- Prompt -
Could you please retype all of the data below exactly?

*** Provided data ***

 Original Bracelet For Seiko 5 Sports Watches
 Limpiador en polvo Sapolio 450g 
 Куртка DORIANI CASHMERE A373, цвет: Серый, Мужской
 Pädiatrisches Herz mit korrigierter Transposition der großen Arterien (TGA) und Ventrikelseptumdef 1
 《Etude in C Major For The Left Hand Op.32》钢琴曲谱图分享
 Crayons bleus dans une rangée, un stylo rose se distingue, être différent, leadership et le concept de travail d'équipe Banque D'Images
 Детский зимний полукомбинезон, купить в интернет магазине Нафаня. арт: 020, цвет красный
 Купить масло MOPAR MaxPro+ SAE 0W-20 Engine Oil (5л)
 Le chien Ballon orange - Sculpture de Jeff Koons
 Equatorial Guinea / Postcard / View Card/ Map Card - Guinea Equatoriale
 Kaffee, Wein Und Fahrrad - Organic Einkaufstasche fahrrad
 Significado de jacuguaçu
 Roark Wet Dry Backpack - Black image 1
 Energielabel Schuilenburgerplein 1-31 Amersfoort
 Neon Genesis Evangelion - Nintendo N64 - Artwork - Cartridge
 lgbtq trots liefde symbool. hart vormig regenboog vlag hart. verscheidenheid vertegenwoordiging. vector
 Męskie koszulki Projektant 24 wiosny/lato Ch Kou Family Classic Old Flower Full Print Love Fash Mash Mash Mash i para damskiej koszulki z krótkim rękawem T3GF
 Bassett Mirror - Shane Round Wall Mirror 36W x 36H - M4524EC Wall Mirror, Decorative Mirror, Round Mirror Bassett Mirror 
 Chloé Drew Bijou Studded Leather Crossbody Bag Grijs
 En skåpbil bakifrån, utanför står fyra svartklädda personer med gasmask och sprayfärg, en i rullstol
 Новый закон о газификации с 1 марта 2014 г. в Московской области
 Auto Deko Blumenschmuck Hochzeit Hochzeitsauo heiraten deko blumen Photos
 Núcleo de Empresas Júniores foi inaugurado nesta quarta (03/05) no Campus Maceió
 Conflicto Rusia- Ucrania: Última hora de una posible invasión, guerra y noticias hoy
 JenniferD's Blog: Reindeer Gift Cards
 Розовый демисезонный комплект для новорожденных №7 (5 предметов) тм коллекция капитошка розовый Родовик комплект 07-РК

*** End of Provided data ***

- Written response -
 Original Bracelet For Seiko 5 Sports Watches
 Limpiador en polvo Sapolio 450g 
 Куртка DORIANI CASHMERE A373, цвет: Серый, Мужской
 Pädiatrisches Herz mit korrigierter Transposition der großen Arterien (TGA) und Ventrikelseptumdef 1
 《Etude in C Major For The Left Hand Op.32》钢琴曲谱图分享
 Crayons bleus dans une rangée, un stylo rose se distingue, être différent, leadership et le concept de travail d'équipe Banque D'Images
 Детский зимний полукомбинезон, купить в интернет магазине Нафаня. арт: 020, цвет красный
 Купить масло MOPAR MaxPro+ SAE 0W-20 Engine Oil (5л)
 Le chien Ballon orange - Sculpture de Jeff Koons
 Equatorial Guinea / Postcard / View Card/ Map Card - Guinea Equatoriale
 Kaffee, Wein Und Fahrrad - Organic Einkaufstasche fahrrad
 Significado de jacuguaçu
 Roark Wet Dry Backpack - Black image 1
 Energielabel Schuilenburgerplein 1-31 Amersfoort
 Neon Genesis Evangelion - Nintendo N64 - Artwork - Cartridge
 lgbtq trots liefde symbool. hart vormig regenboog vlag hart. verscheidenheid vertegenwoordiging. vector
 Męskie koszulki Projektant 24 wiosny/lato Ch Kou Family Classic Old Flower Full Print Love Fash Mash Mash Mash i para damskiej koszulki z krótkim rękawem T3GF
 Bassett Mirror - Shane Round Wall Mirror 36W x 36H - M4524EC Wall Mirror, Decorative Mirror, Round Mirror Bassett Mirror 
 Chloé Drew Bijou Studded Leather Crossbody Bag Grijs
 En skåpbil bakifrån, utanför står fyra svartklädda personer med gasmask och sprayfärg, en i rullstol
 Новый закон о газификации с 1 марта 2014 г. в Московской области
 Auto Deko Blumenschmuck Hochzeit Hochzeitsauo heiraten deko blumen Photos
 Núcleo de Empresas Júniores foi inaugurado nesta quarta (03/05) no Campus Maceió
 Conflicto Rusia- Ucrania: Última hora de una posible invasión, guerra y noticias hoy
 JenniferD's Blog: Reindeer Gift Cards
 Розовый демисезонный комплект для новорожденных №7 (5 предметов) тм коллекция капитошка розовый Родовик комплект 07-РК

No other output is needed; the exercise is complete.